# Coke Ola check out this imitator



## Dragon0421 (Mar 20, 2011)

I was very pleased to find this bottle have never seen it and everyone i have asked this week knows nothing about it. It is a Coke ola bottle from danville, ky any info on this one would be great i would think it would have a story behind it.


----------



## Dragon0421 (Mar 20, 2011)

close up


----------



## Dragon0421 (Mar 20, 2011)

back close up


----------



## sodapops (Mar 20, 2011)

That would be a beautiful bottle tumbled and painted white.[]


----------



## TJSJHART (Mar 20, 2011)

CURING THE SICKNESS ON THAT BOTTLE WOULD REALLY ,,,WELL IMPROVE IT...NICE FIND.


----------



## morbious_fod (Mar 20, 2011)

I kept looking at that one, but didn't jump on it. Good find.


----------



## Tomn8tr (May 4, 2011)

> Coke ola


 
 I know this topic is from a while ago, but I found this link to Google Books that talks about some of the impersinator bottles....

Google Books


----------



## fishnuts (May 4, 2011)

That one is pretty sweet.
 Trying to infringe on two different brands names.  How delightful!
 I have a Sher A Coca that seems to be trying to do the same thing.
 And it's from Lexington, Ky.  Lawless bottlers, eh?


----------



## Dragon0421 (May 4, 2011)

Pretty cool find in the book i havent found any more info on the bottle yet. Also fishnuts the sher a cola is it the one with the s that kind of wraps around it. THanks for the replys


----------



## celerycola (May 5, 2011)

Your bottle should have "A. L." on the bottom for Antonio Longo. He later bottled the same drink as Lon-Kola.


----------



## Dragon0421 (May 5, 2011)

you are right it does have an AL on the bottom do you know if they were in business long under that name, celery. Also thanks for the info


----------



## splante (May 6, 2011)

could just imagine the law suits


----------



## fishnuts (May 6, 2011)

Here's a pic of the Sher-A-Coca.
 And yes, it has a very large 'S'.  When I first looked at the bottle I could only see the top half of the 'S' so thought the 'knock-off' said Cher-A-Coca.  The seller soon corrected me....oohh, there's the 'S'!

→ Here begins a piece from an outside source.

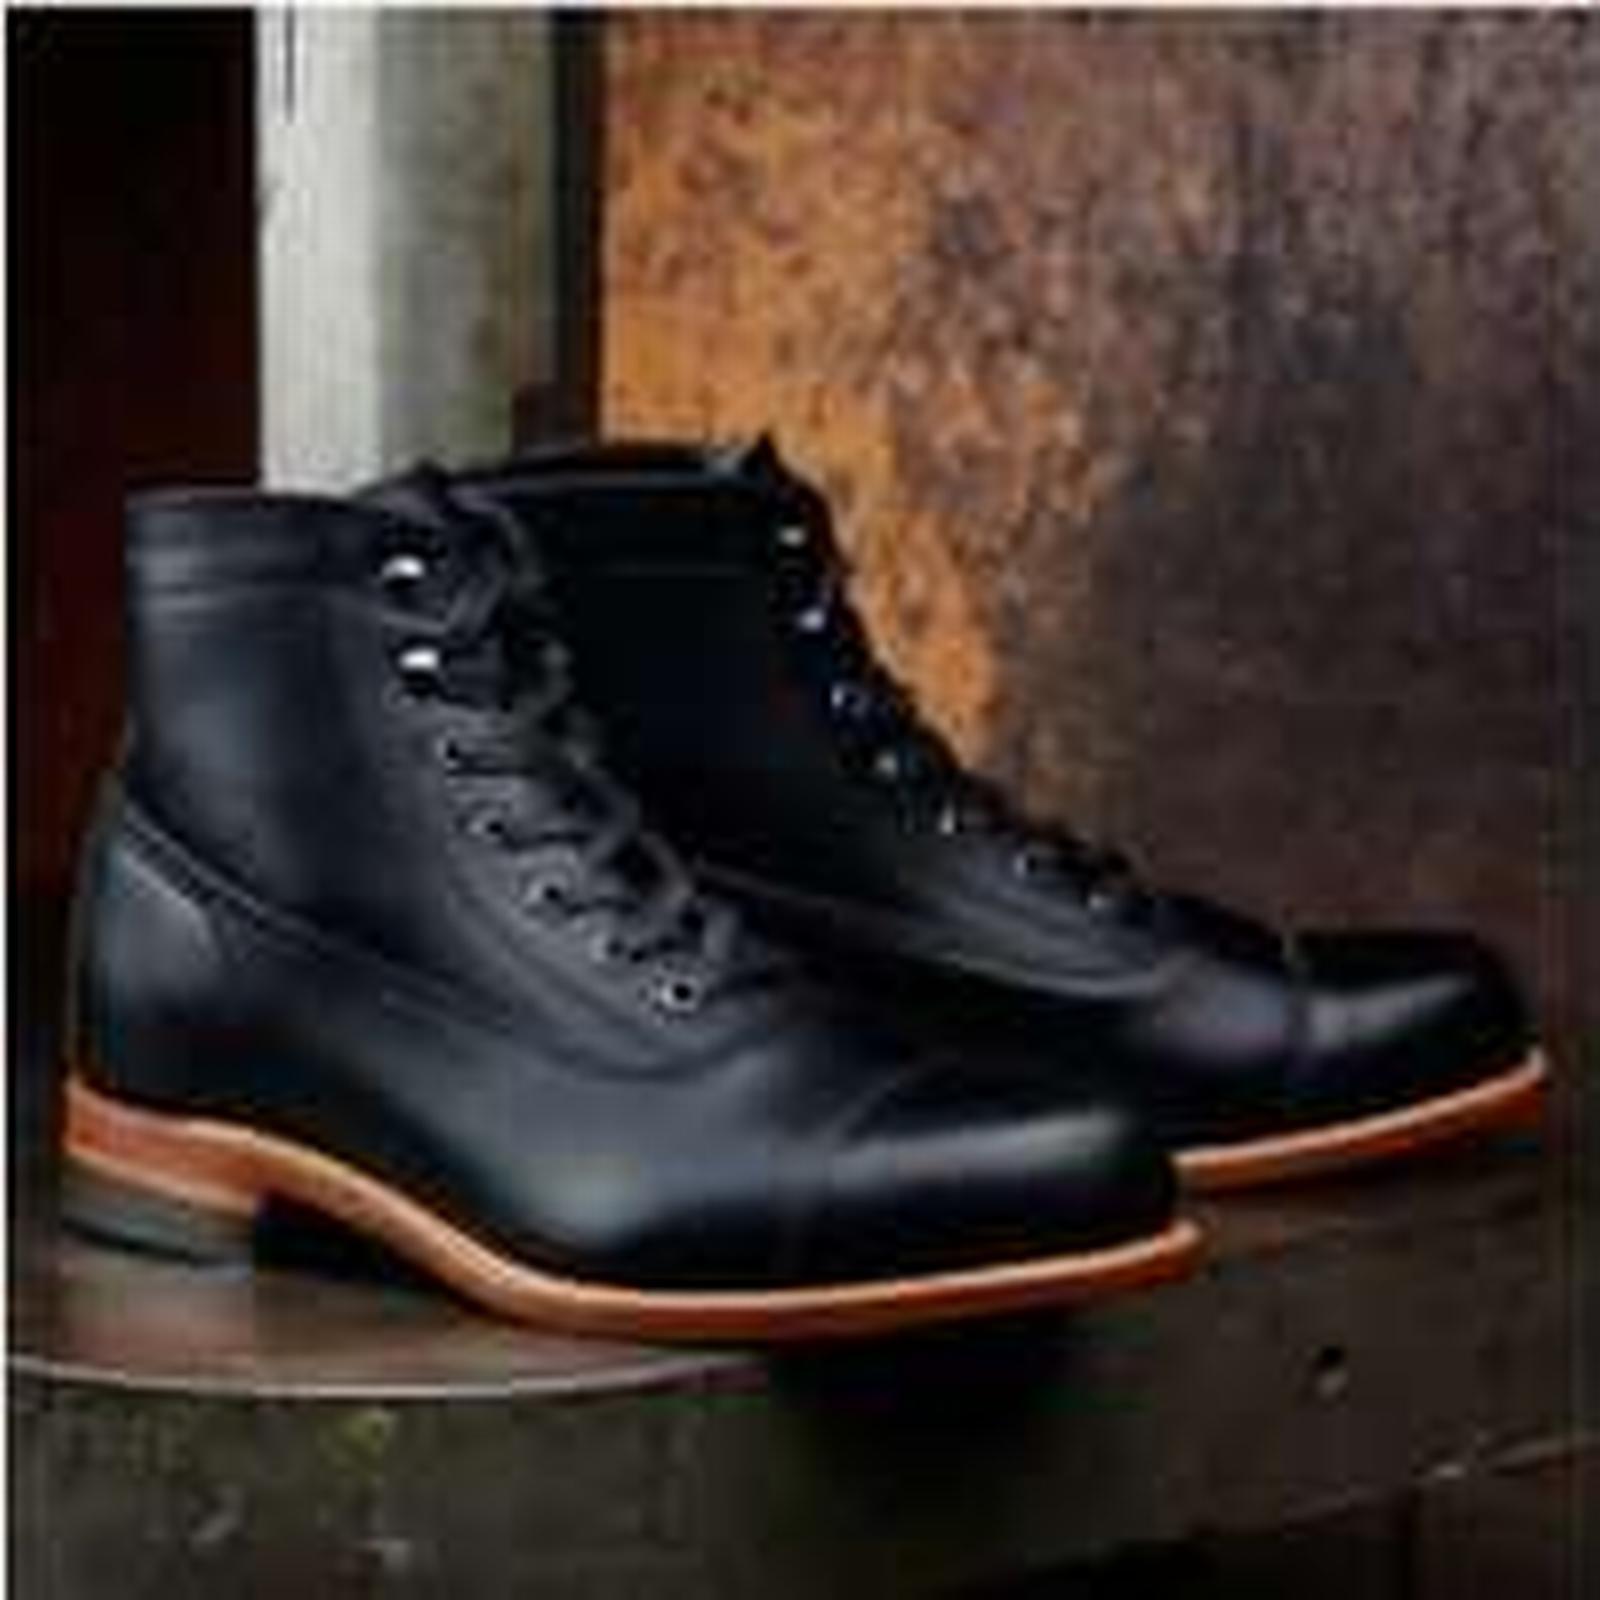 Bonanza (Global) Handmade Ankle Men Black Real Leather Ankle Handmade Boot, Mens Leather Boot, Men Boots 5f9922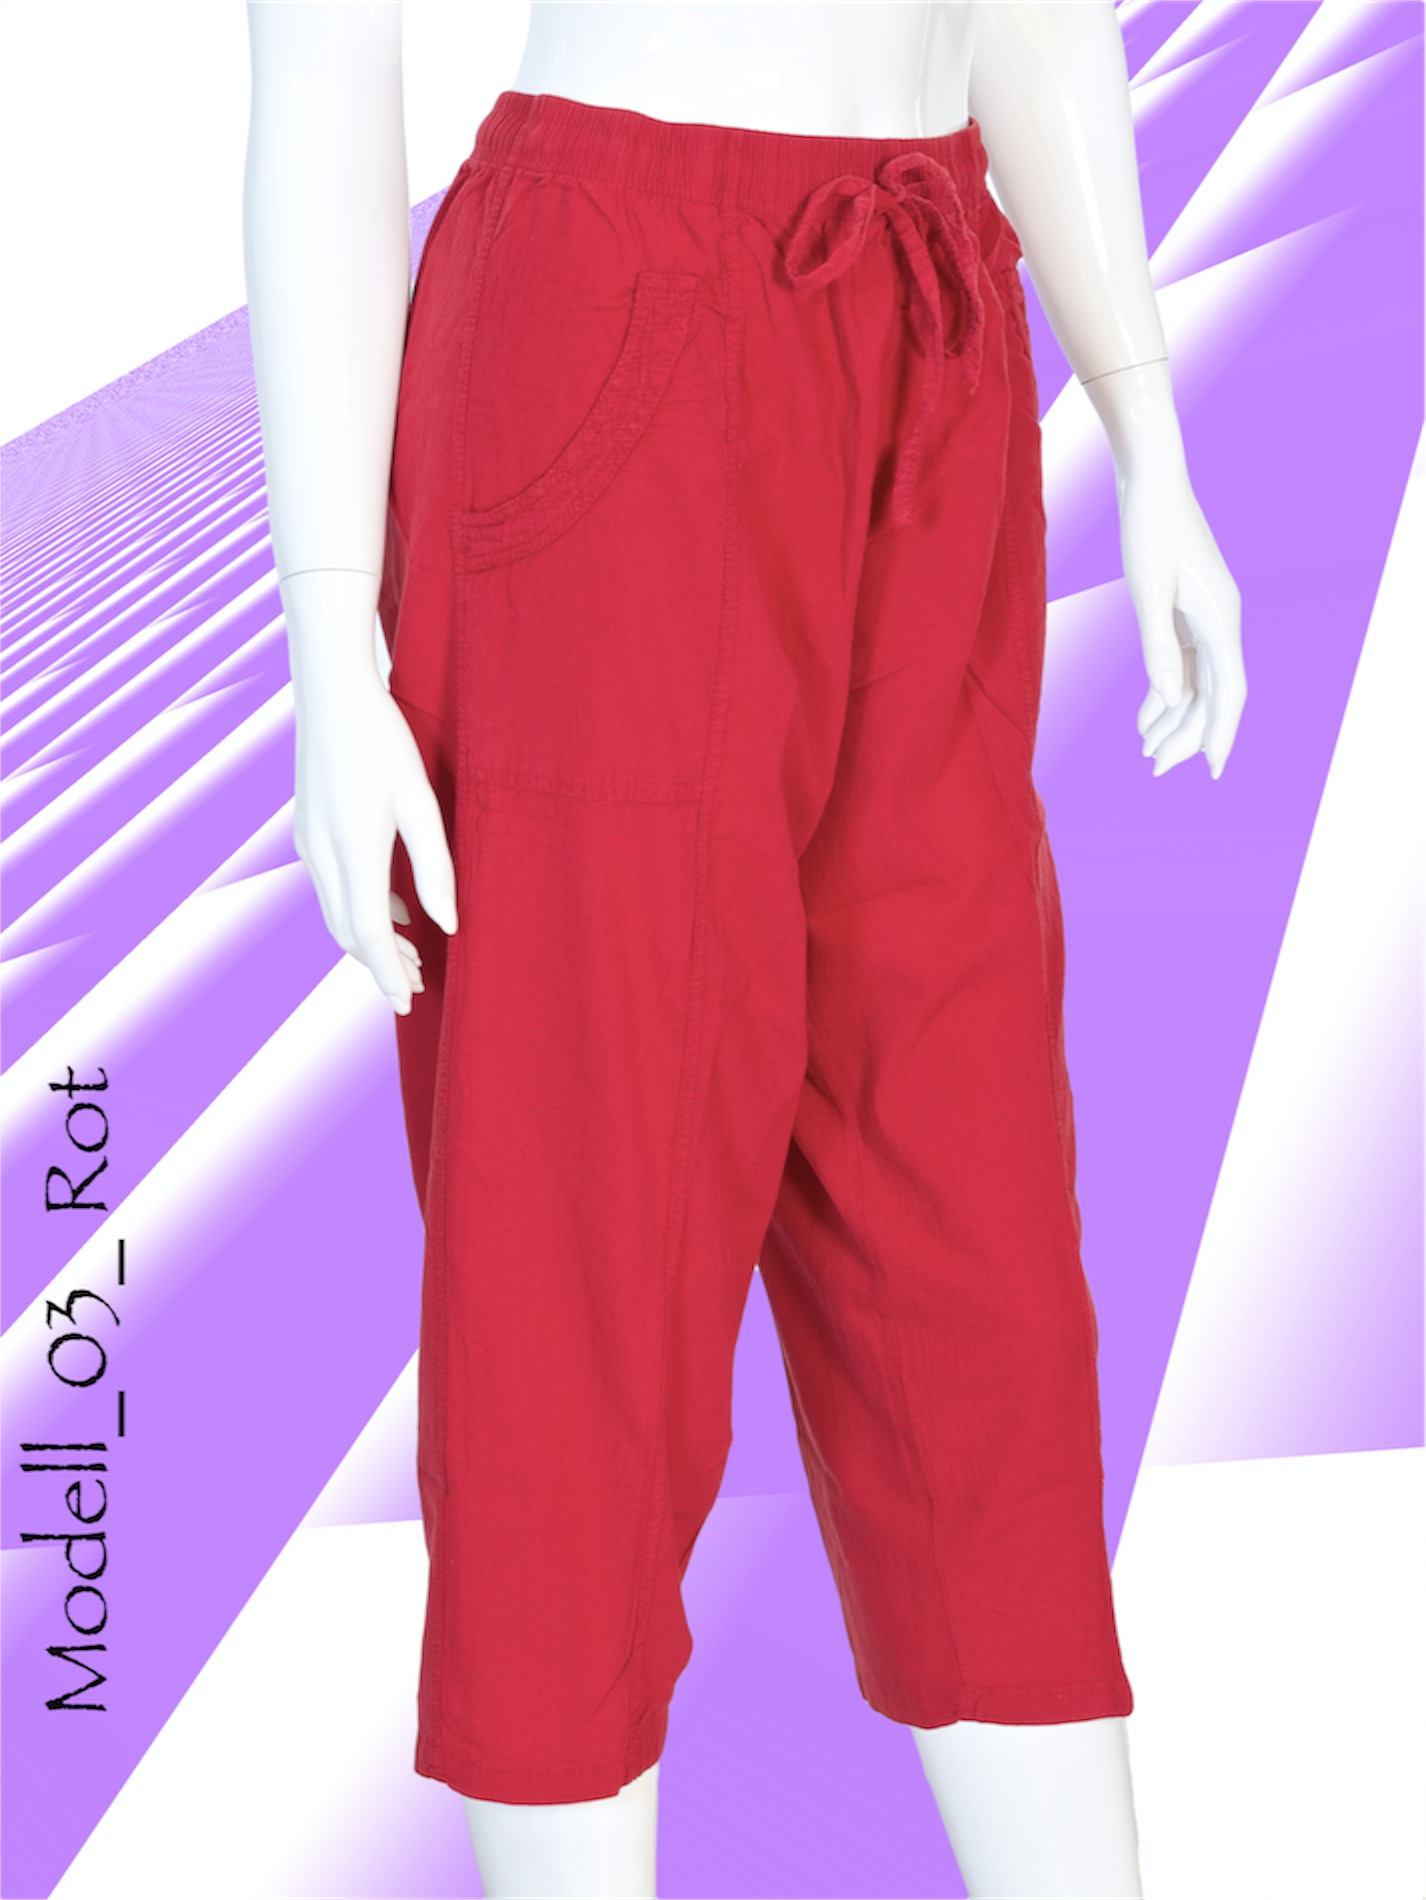 damen shorts 3 4 urban vintage short bermuda cargo capri kurze hose l xxxxl neu ebay. Black Bedroom Furniture Sets. Home Design Ideas

 I'm sure that attorneys were on lots of trains headed to Kentucky...the land of lawless soda scafflaws.


----------



## romevac (Sep 20, 2011)

Hello, found this out of curiosity.  That's a cool bottle: Coke Ola?  I don't have one of these--interested in selling?

 Thanks


----------



## romevac (Sep 20, 2011)

Hello celerycola: I like that label for Coke Ola.  Where did you find that?

 Thanks!


----------



## celerycola (Sep 21, 2011)

That's a copy from the court records where Coca-Cola sued Coke Ola.


> ORIGINAL:  romevac
> 
> Hello celerycola: I like that label for Coke Ola.Â  Where did you find that?
> 
> Thanks!


----------



## romevac (Sep 26, 2011)

Hello celerycola,

 Thanks for your reply!  As you can tell I am pretty new to the researching end on bottles.  How would I be able to obtain a copy of the lawsuit you mentioned for Coke-Ola?  

 I am fascinated.  Any pointers from any of the users would be greatly appreciated.  I am especially interested in bottles, bottlers, labels, in the Danville, KY and surrounding area.

 I am also a new user to this site, so please forgive any mistakes I make as I learn my way around the site.

 Thanks,


----------